This is a double reminder that any directives included in robots.txt files should be carefully planned and placed in the file – after all, mistakes can prevent robots from crawling the site correctly.

Screaming Frog 

Screaming Frog included humorous directives relating to the company’s name: 

Screaming Frog has a robots.txt easter egg that plays on the company's name

But there is more to it than just being a funny reference. Including these directives helps build brand awareness. Mentioning the “protection of frog team” could be viewed as an example of employer branding.

Further in the robots.txt file, we can find an invitation to join the company’s SEO team:

Screaming Frog has a robots.txt easter egg with the logo of the company

Search Engine Land

Search Engine Land addresses people who can read the following message – because robots can’t – recognizing that there can be non-robots that visit their robots.txt file.

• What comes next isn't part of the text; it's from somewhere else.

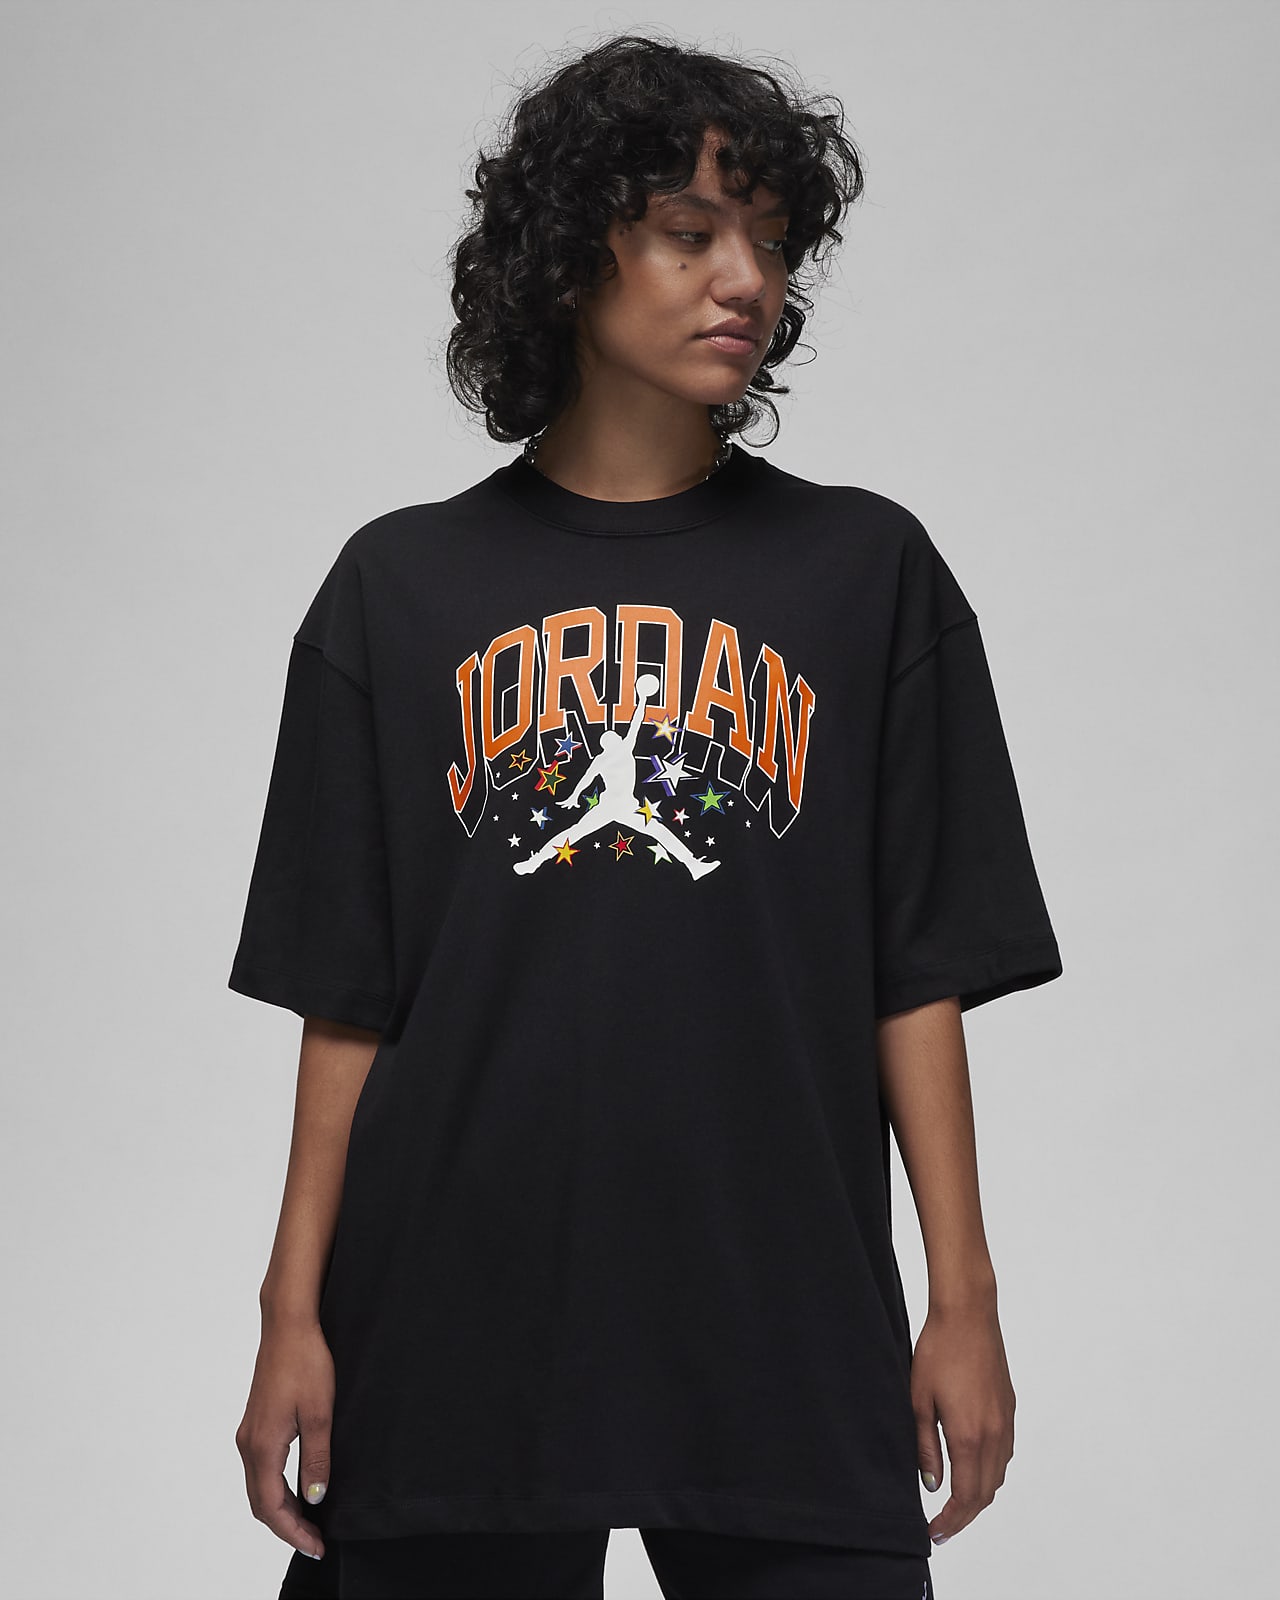 Jordan Women's T-Shirt
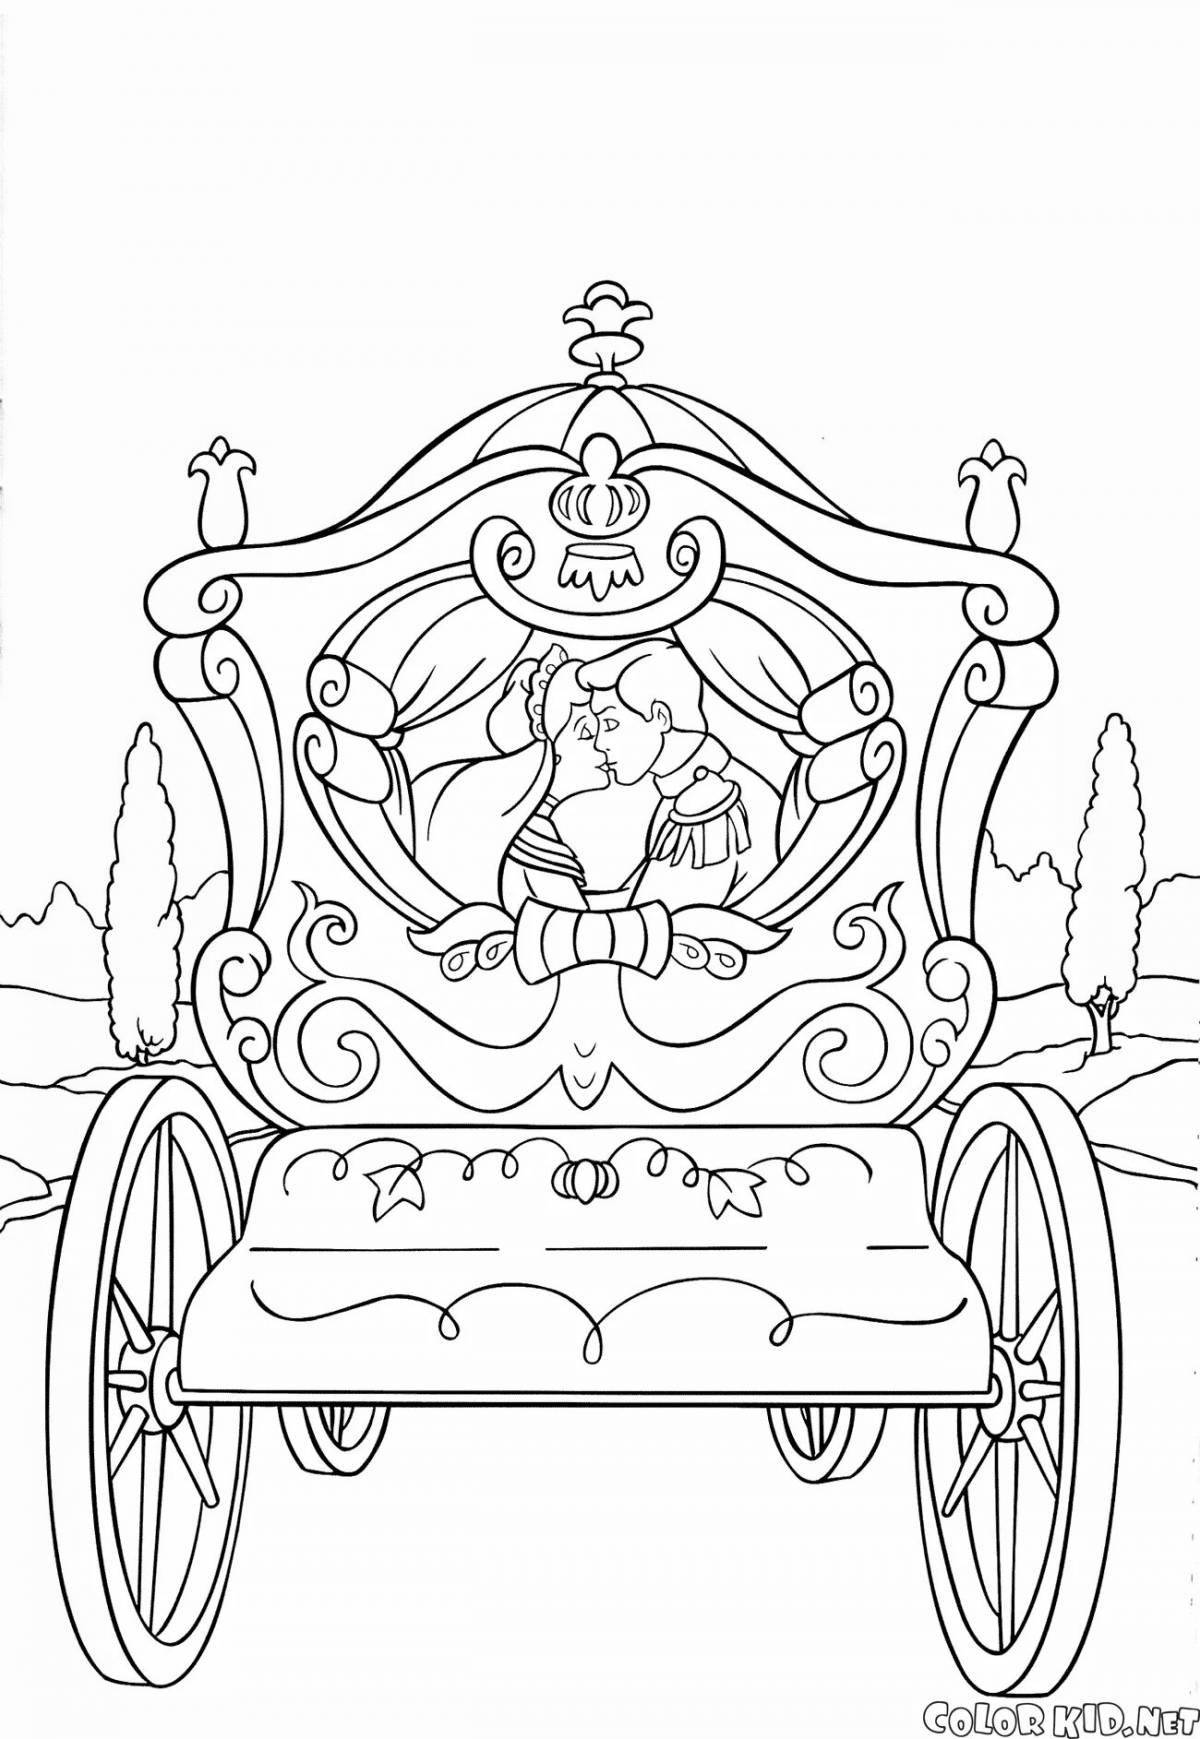 Cinderella's ornamental carriage coloring page

There is also a reference to Battlestar Galactica:

Search Engine Land has a robots.txt easter egg with a Battlestar Galactica reference

Humans.txt

The Internet should be about humans, not just robots. 

If there is a robots.txt file for robots, there should be one for humans as well.

This is the thought behind humans.txt, which was created as a counter-initiative to robots.txt files. As we read on its official website:

“It’s an initiative for knowing the people behind a website. It’s a TXT file that contains information about the different people who have contributed to building the website.”

A .txt file is not intrusive with the code, and it’s an easy way to prove the authorship of a site. 

Here is the text that Google’s humans.txt file contains:

“Google is built by a large team of engineers, designers, researchers, robots, and others in many different sites across the globe. It is updated continuously and built with more tools and technologies than we can shake a stick at. If you’d like to help us out, see careers.google.com.”

Other websites use it too and often get more creative – look at Netflix’s and Medium’s humans.txt files.

Next steps

Now that you’ve seen examples of easter eggs found in robots.txt files, do you feel inspired to leave an easter egg for your users?

We did!

Hi! I’m Bartosz, founder and Head of SEO @ Onely. Thank you for trusting us with your valuable time and I hope that you found the answers to your questions in this blogpost.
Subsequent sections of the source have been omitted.